▶ **Task statement**:
Your job with the data below: print everything from the line that holds "Mobile programming concept." down to the line that holds "Amigurumi Forest Animals : eBook", ends included, exactly, and nothing else.

▶ **Input material**:

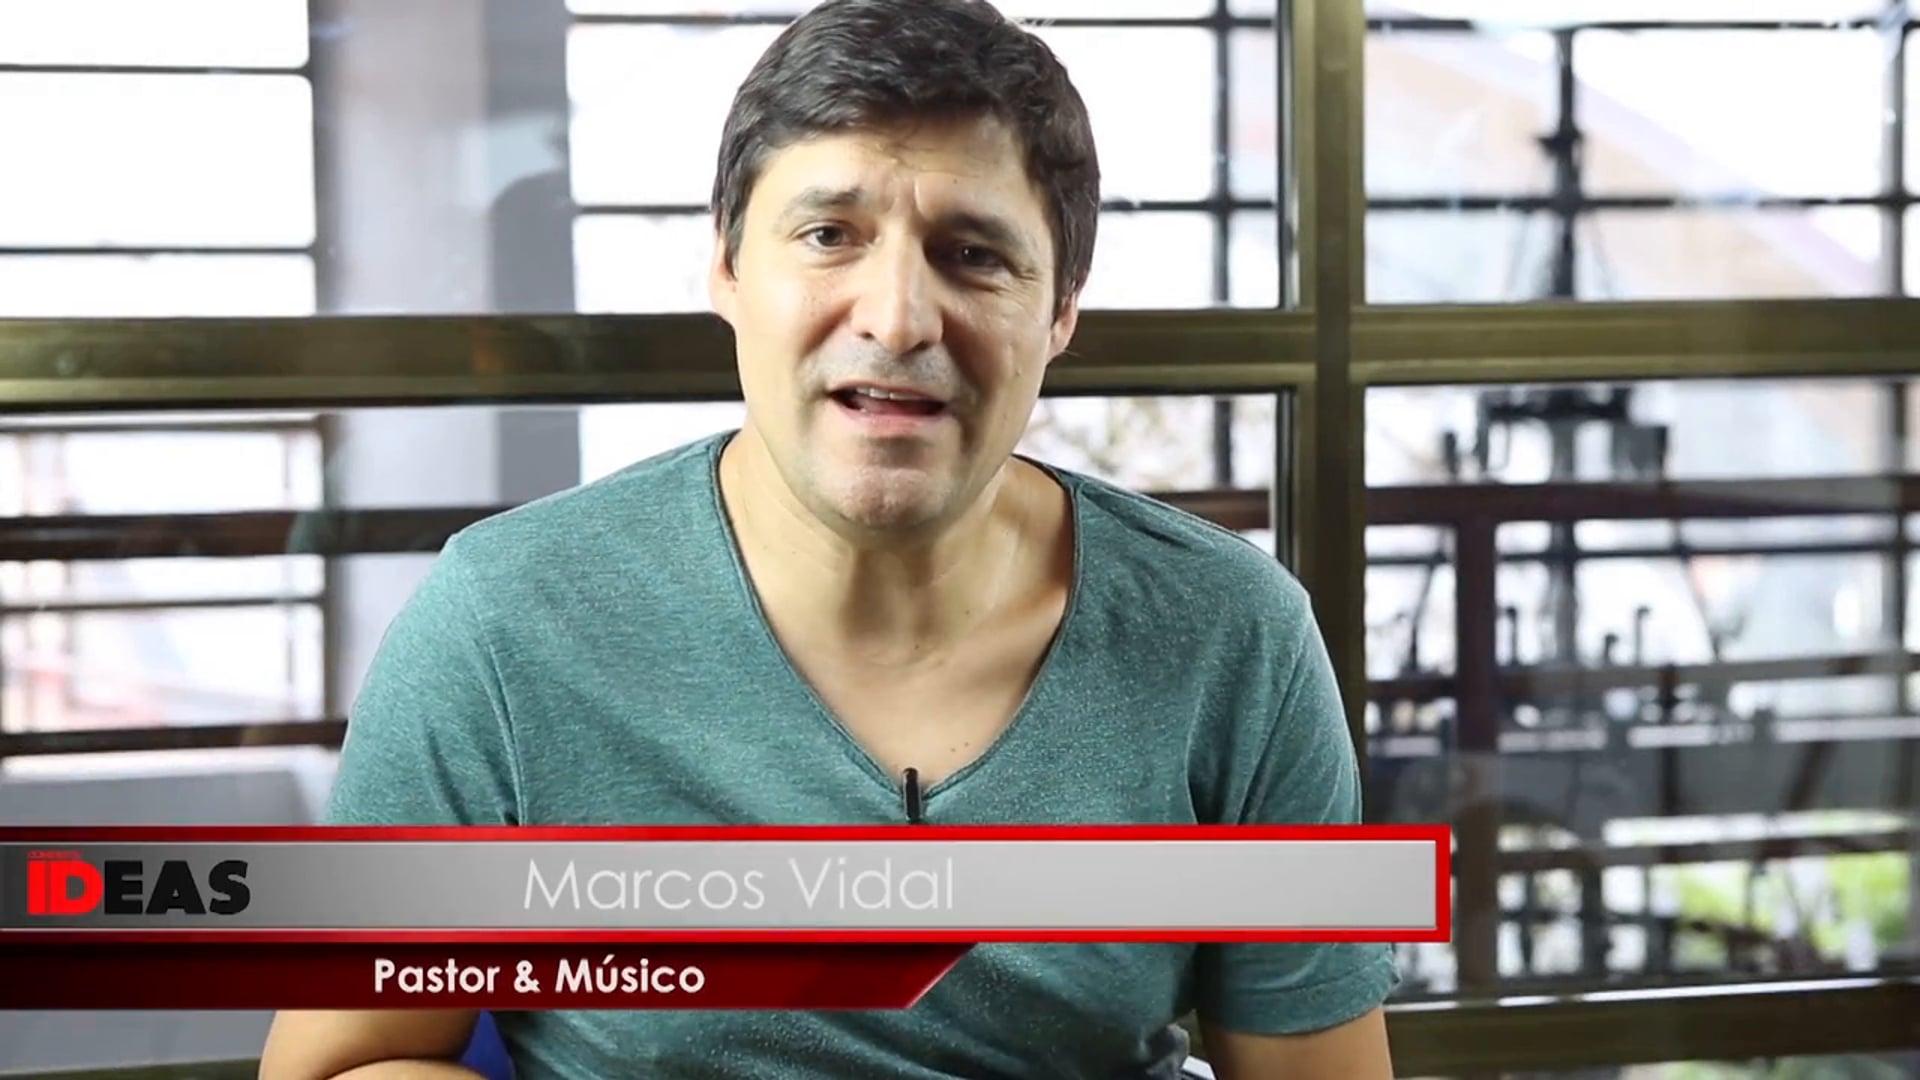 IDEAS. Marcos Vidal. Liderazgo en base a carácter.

* * *

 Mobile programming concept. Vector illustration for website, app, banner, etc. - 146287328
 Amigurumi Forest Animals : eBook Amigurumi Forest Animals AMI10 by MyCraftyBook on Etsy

---

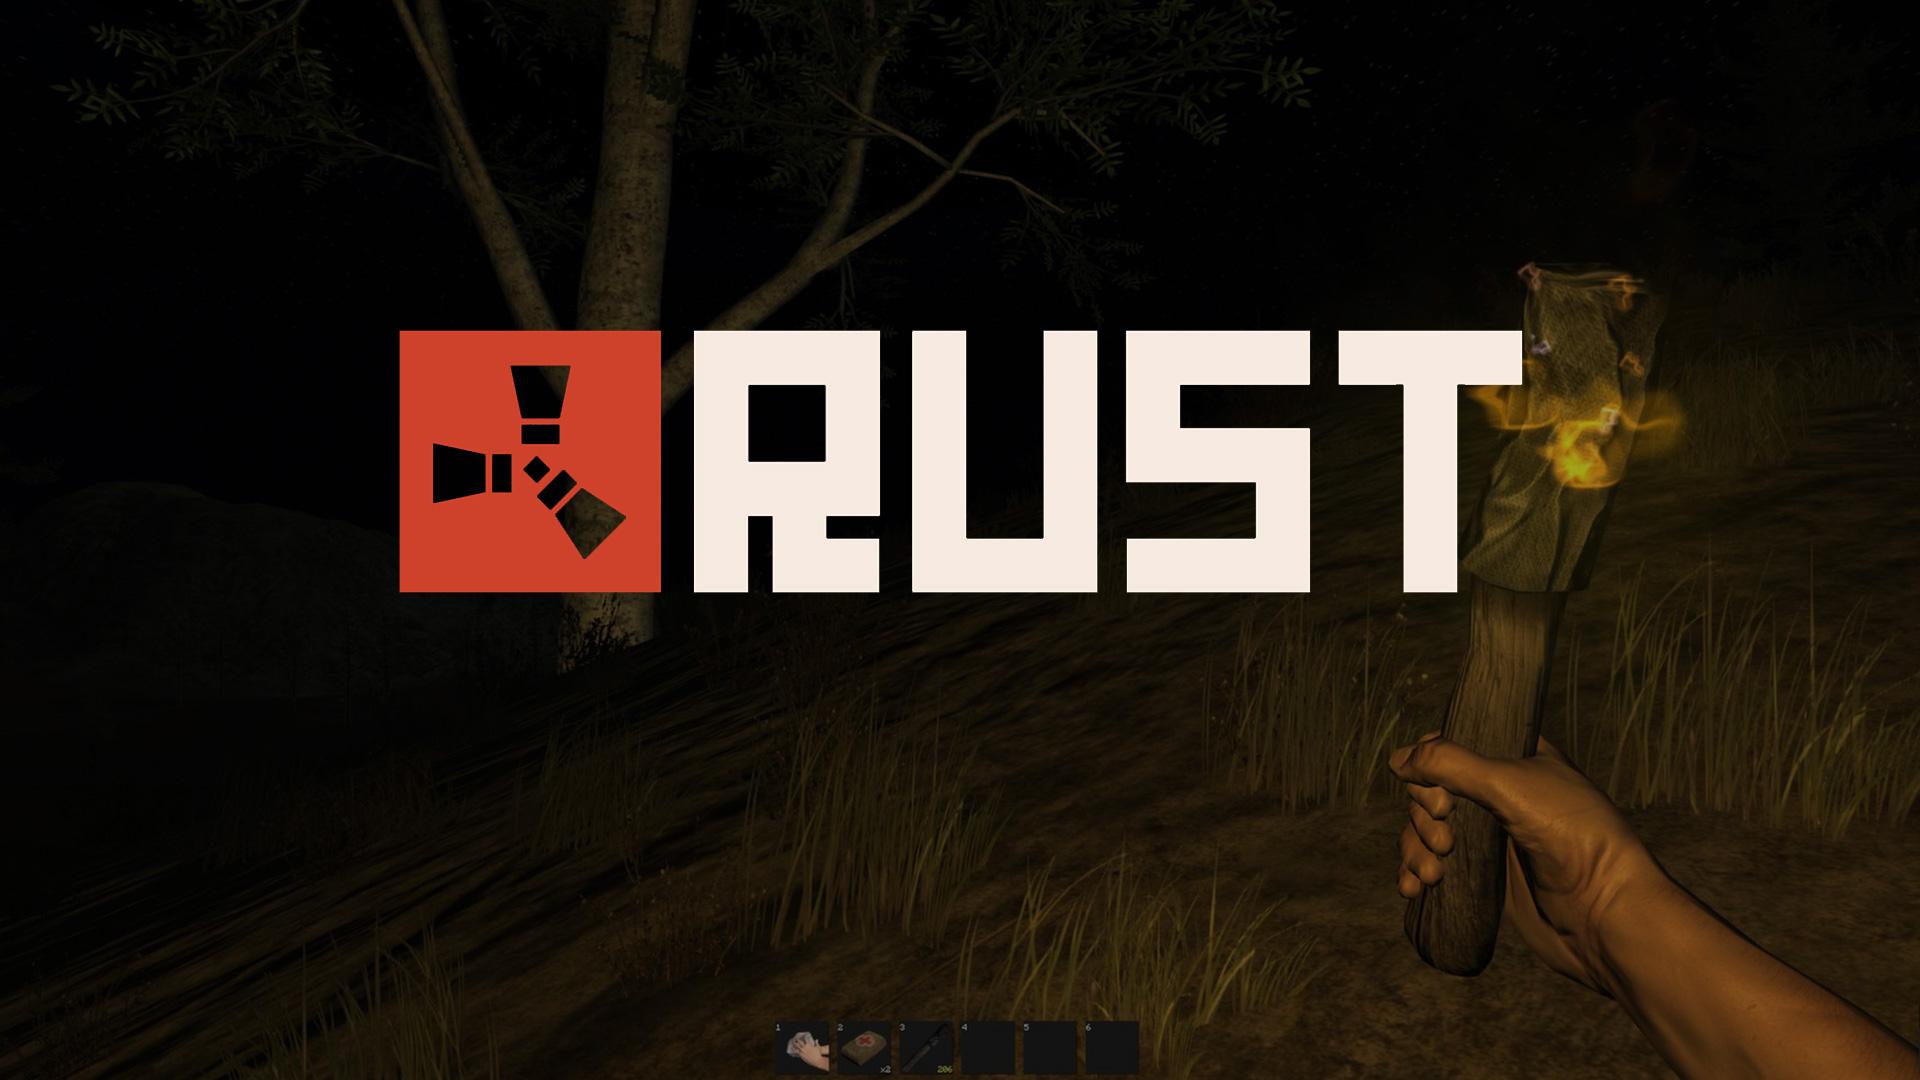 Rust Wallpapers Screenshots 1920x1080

▶ **Written solution**:
 Mobile programming concept. Vector illustration for website, app, banner, etc. - 146287328
 Amigurumi Forest Animals : eBook Amigurumi Forest Animals AMI10 by MyCraftyBook on Etsy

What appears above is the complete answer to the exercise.